More specifically, ERC-4337 solves the technical specificities of implementing Account Abstraction in a EOA blockchain context, including:

  • Operation intent.
  • Operation validation.
  • Execution and fees payment (remember, on Ethereum, all operations are triggered by an EOA which pays fees. So, ERC4337 provides an incentive framework for decentralized bundlers to trigger the execution of the operations that users intend to execute.)
  • The nonce, an anti replay mechanism that was just incremental for EOAs and can be more sophisticated here.

When it comes to governance, it’s possible to create different signers and quorums to complete specific operations.

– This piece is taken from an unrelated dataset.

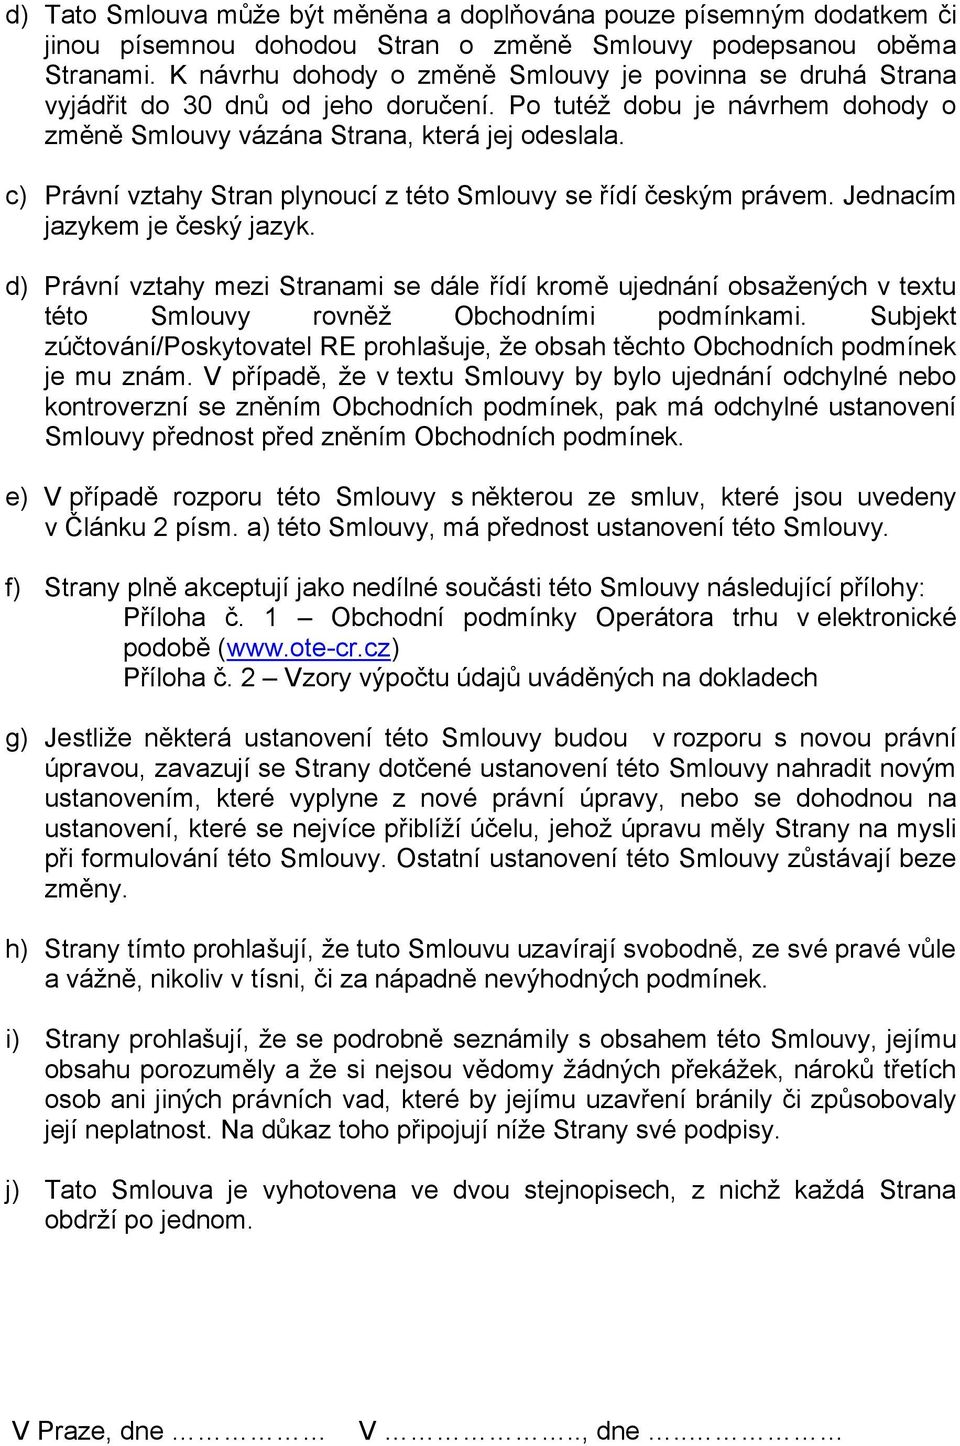 c) Právní vztahy Stran plynoucí z této Smlouvy se řídí českým právem. Jednacím jazykem je český jazyk.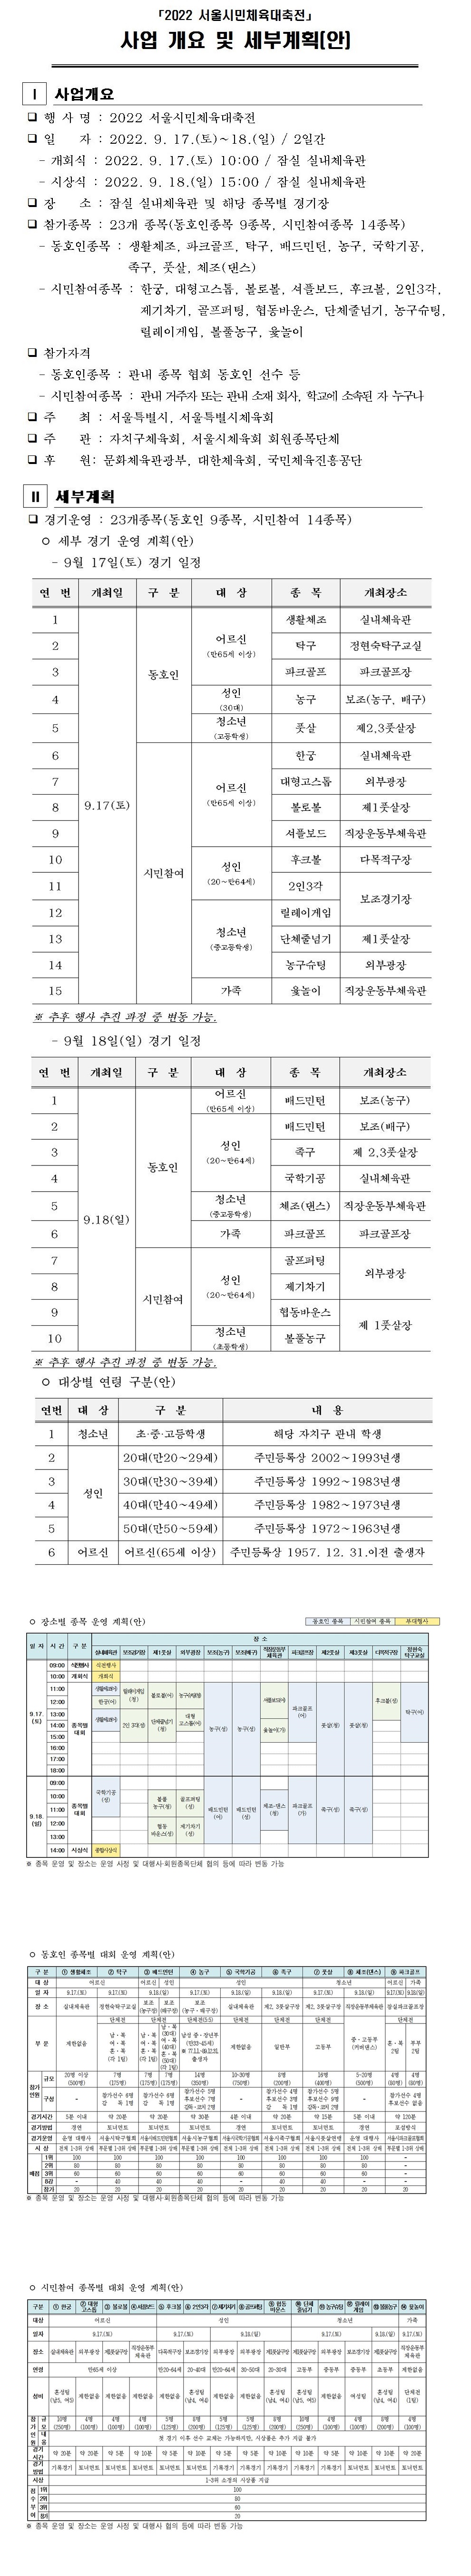 서울시민체육대축전 사업개요 및 세부 계획(안)001-vert.jpg

Schematically, the user will interact with his smart contract, the smart contract then verifies whether governance rules are met, and finally executes the operations.

Verifying the governance can be as complex. One of the benefits of having this logic running on-chain with a Turing complete language is that it’s possible to create arbitrary governance rules and  to implement signature verification for any algorithm. As mentioned above, ECDSA scheme has plenty of limitations, first of all it’s not suited for signature aggregation (MPC / TSS), and secondly it’s not supported by current implementations in mobile’s secure enclaves.

An improved User Experience & flexible Security:

Thanks to Account Abstraction, it is possible to perform several atomic calls to different contracts in the same transaction with a smart account, leading to great improvements when navigating typical DApps (for example, it is no longer necessary to send 2 distinct transactions for an ERC-20 token approval then a deposit), as well as for the security of the user (for example ENS resolution can be directly performed by the smart contract account.)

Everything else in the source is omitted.